Primary tumor response to preoperative chemoradiation with or without oxaliplatin in locally advanced rectal cancer: pathologic results of the STAR-01 randomized phase III trial
- PMID: 21606427
- DOI: 10.1200/JCO.2010.34.4911
Primary tumor response to preoperative chemoradiation with or without oxaliplatin in locally advanced rectal cancer: pathologic results of the STAR-01 randomized phase III trial
Abstract
Purpose: To investigate oxaliplatin combined with fluorouracil-based chemoradiotherapy as preoperative treatment for locally advanced rectal cancer.

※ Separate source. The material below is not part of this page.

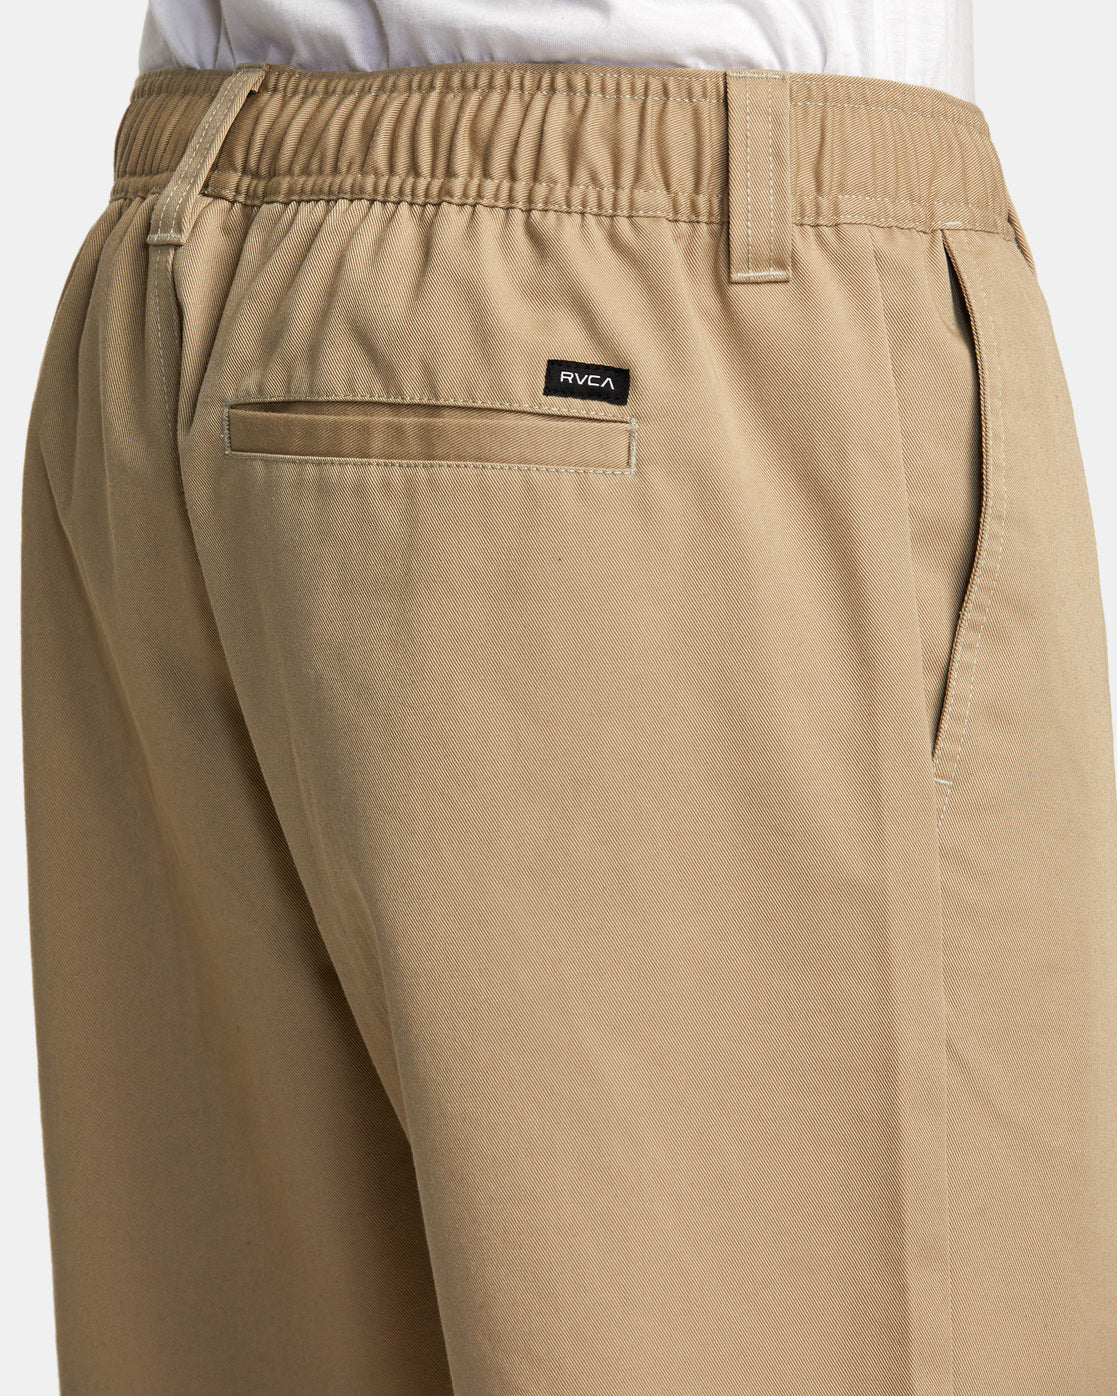 RVCA Recession Collection Americana Elasticized Pants Khaki / Medium
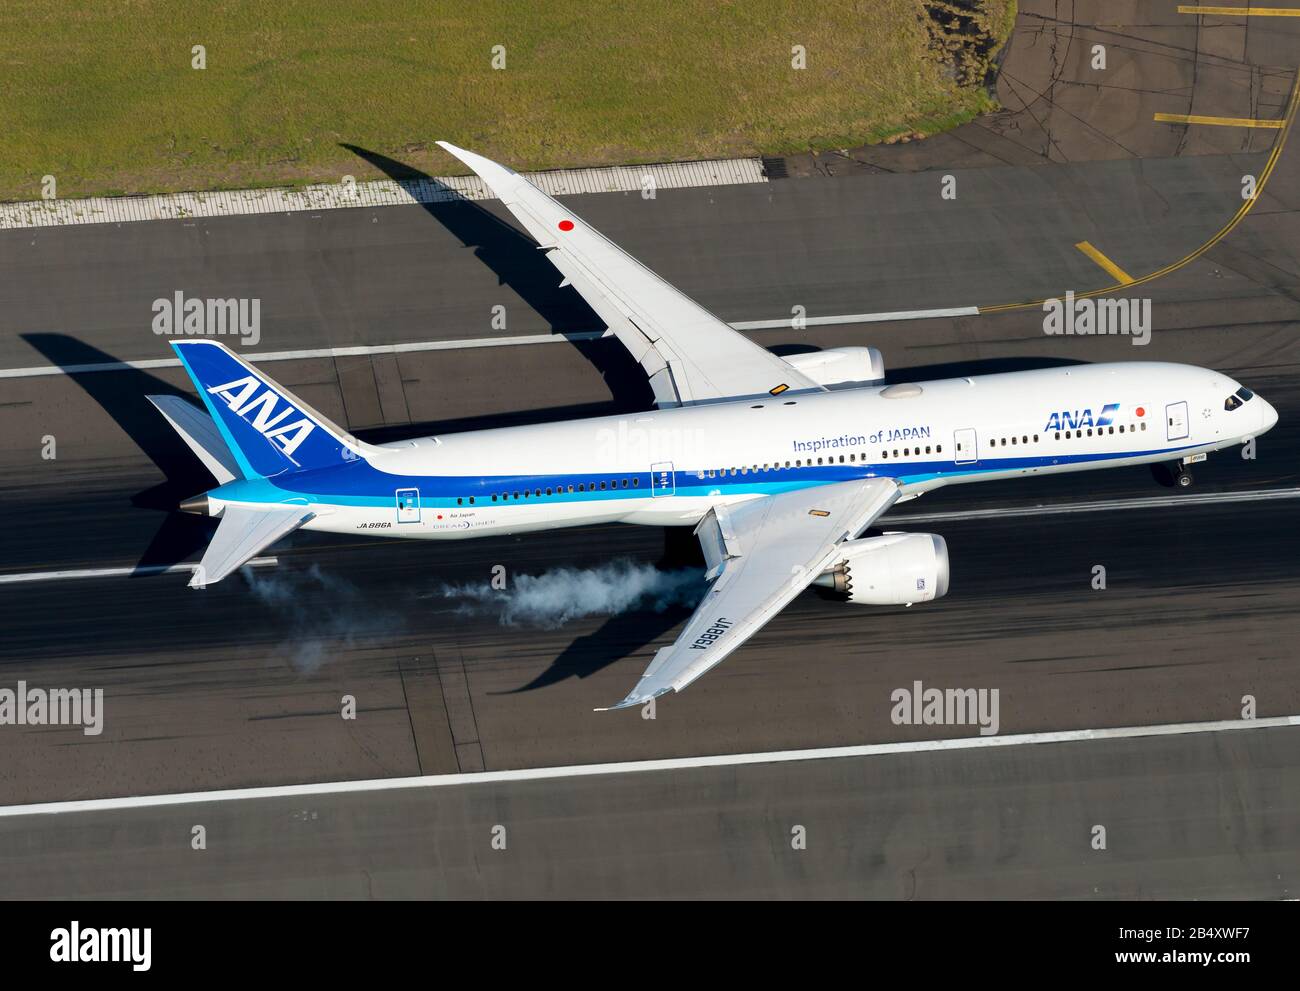 All Nippon Airways (ANA Japan) Boeing 787 Dreamliner aircraft landing in Sydney, Australia inbound from Tokyo Haneda, Japan. 787-9 airplane JA886A. Stock Photo

Patients and methods: Seven hundred forty-seven patients with resectable, locally advanced (cT3-4 and/or cN1-2) adenocarcinoma of the mid-low rectum were randomly assigned to receive pelvic radiation (50.4 Gy in 28 daily fractions) and concomitant infused fluorouracil (225 mg/m(2)/d) either alone (arm A, n = 379) or combined with oxaliplatin (60 mg/m(2) weekly × 6; arm B, n = 368). Overall survival is the primary end point. A protocol-planned analysis of response to preoperative treatment is reported here.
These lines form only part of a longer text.